Book review: ‘Forever on the Mountain,’ by James Tabor
Ryan Summerlin June 19, 2014
The spirit of adventure is innately human, and the accompanying risk is inherently assumed. But when tragedy strikes, as it inevitably does when margins for error are shaved dangerously thin, hindsight becomes 20-20, and finger-pointing ensues, no matter where fault may truly rest. History is filled with examples of disasters striking competent individuals, whether it be Mallory and Irvine, Ernest Shackleton or the victims of the ill-fated 1996 Everest debacle. Criticism from an armchair is easy, but it does little to establish the facts surrounding a disaster; closer analysis and an open mind are needed for that.
The perfect example of an adventure gone awry and held up to the unfair scrutiny of an often ignorant and naive, but very vocal, public is the 1967 Mount McKinley expedition detailed in James Tabor’s very readable book, “Forever on the Mountain.” Tabor makes great efforts to dispel some of the vitriol and venom that swirled around the ill-fated expedition since even before its members set foot on the mountain. Still bearing the unfortunate epithet of the most tragic American expedition, the 1967 trip to Mount McKinley is, even now, shrouded in mystery and controversy.
Known as a heavy-hitter, Mount McKinley has dealt some knockout punches to many who have tested its mettle, but it remains a coveted goal, with a reputation as a great mountaineering challenge. This held true especially in its early years, when fewer climbers had conquered its routes and less was known about the brutal conditions near the summit.
Twelve American climbers, all capable and strong young men, converged in almost poetic and Shakespearian style to tackle the peak together. The team of 12 was born by random circumstance from two separate groups of three and nine, with both groups seeking a climbing permit at the same time. The National Park Service regulations stipulated that climbers be vetted for ability, and as distinct entities, the two smaller groups were apparently deemed to be lacking, but together, they passed muster and a permit was granted.
Even at the time, this did not sit well with veterans of the mountain, namely Brad Washburn, a three-time summiter and a famed photographer and cartographer of the peak. Tabor includes in his book, along with many maps and photographs, a fascinating exchange of increasingly testy letters that passed between Washburn and the leader of the expedition, Joe Wilcox. Washburn believed that the men were deficient in their collective qualifications and were simply publicity seekers.
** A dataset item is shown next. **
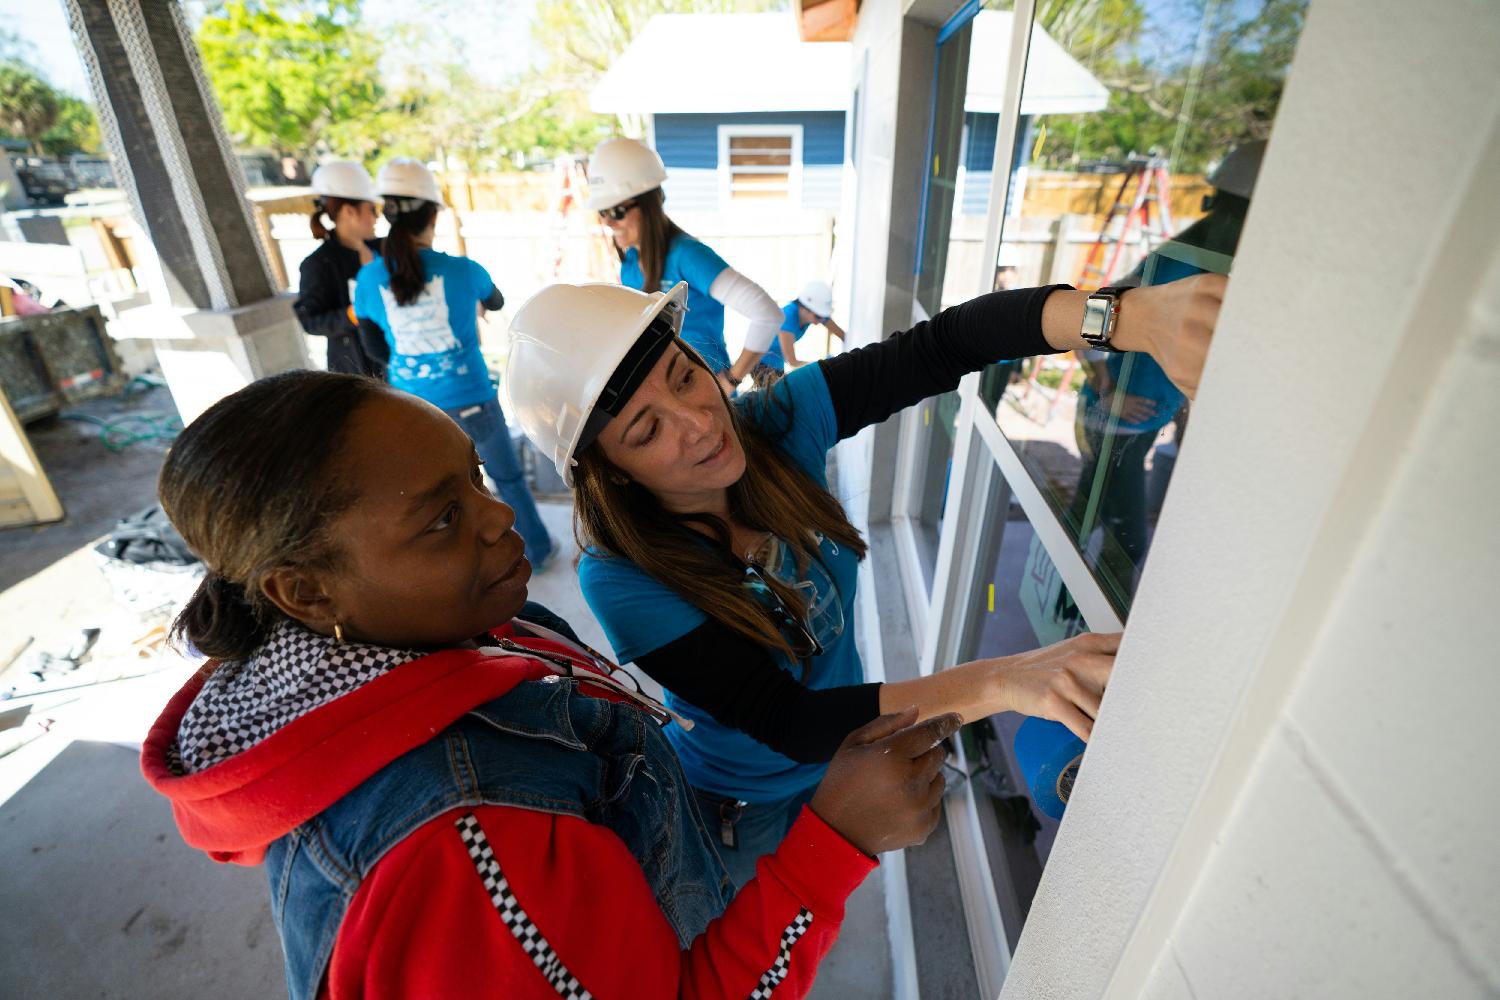 In early 2020, a cross-departmental group of strong PDI women participated in a local Habitat for Humanity build.

Wilcox, unsurprisingly, bristled and shot back, setting the stage for a toxic cloud that would persist over the whole expedition.
Given that two groups of climbers, each with their own leaders, were pushed together by the bureaucratic entity that had decided their fates, there was the added tension of an understandable discord between the two ambitious and somewhat cocky young leaders, Wilcox and Howard Snyder. Tabor notes that an instant dislike flared up upon the team’s first meeting on the flanks of Mount Rainier, where they met for a practice climb. The disgruntled leaders set the tone for the rest of the men, and the smaller group of three never assimilated, which proved to be a contributing factor when things took a deadly turn high on the mountain.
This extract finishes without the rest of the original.